Why does soap come in recloseable container?









... but cereal comes in a non-recloseable container?


----------



## elgar's ghost (Aug 8, 2010)

Was it baseball player Jim Bouton who wondered why fat chance and slim chance meant the same thing?


----------



## NoCoPilot (Nov 9, 2020)

Why isn't "backing down" the opposite of "backing up"?
Why are there no i's in Optometry?
Why is pancaking so different from waffling?
That little locker in front of the passenger seat, it should be called a "mask box" instead of a glove box
I am NEVER wrong.
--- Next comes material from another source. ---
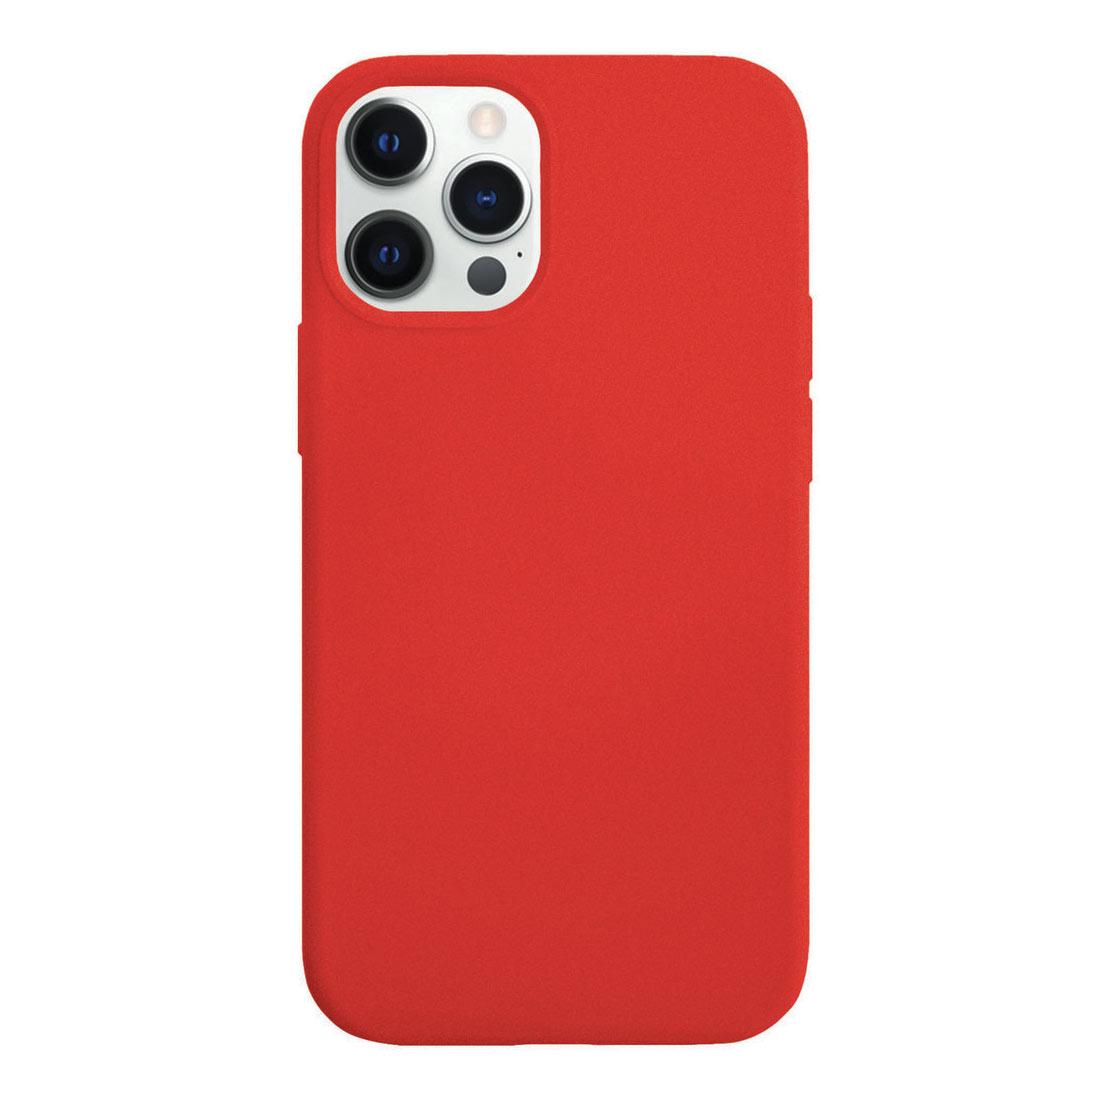 Чехол VLP Silicone Case для смартфона Apple iPhone 12/12 Pro, красный

Sometimes the facts just don't agree with me.
How come dinner isn't called "startfast"?
My head LITERALLY explodes any time somebody misuses the English language.


----------



## Animal the Drummer (Nov 14, 2015)

So two negatives make a positive but two positives don't make a negative?

Yeah, right.


----------



## ansfelden (Jan 11, 2022)

why is war?


----------



## Jay (Jul 21, 2014)

jumbo shrimp(?!)


----------



## NoCoPilot (Nov 9, 2020)

I loves me a good oxymoron.

Military intelligence
Only choice
Minor crisis
Devout atheist
Exact estimate
Larger half
Plastic glasses and plastic silverware
Seriously funny
Practically useless
Resident alien


----------



## Ingélou (Feb 10, 2013)

In medieval times, why didn't someone spot that 'cleave' can mean both stick together and pull apart?


----------



## Pat Fairlea (Dec 9, 2015)

If my toothpaste is 'for a whiter, brighter smile', why is my shampoo 'for dry hair'? I don't want dry hair but I do want white teeth. So what does 'for' mean anyway?


----------



## Malx (Jun 18, 2017)

Pat Fairlea said:


> If my toothpaste is 'for a whiter, brighter smile', why is my shampoo 'for dry hair'? I don't want dry hair but I do want white teeth. So what does 'for' mean anyway?


I always thought is was a warning posh golfers shouted after hitting a wayward shot.


----------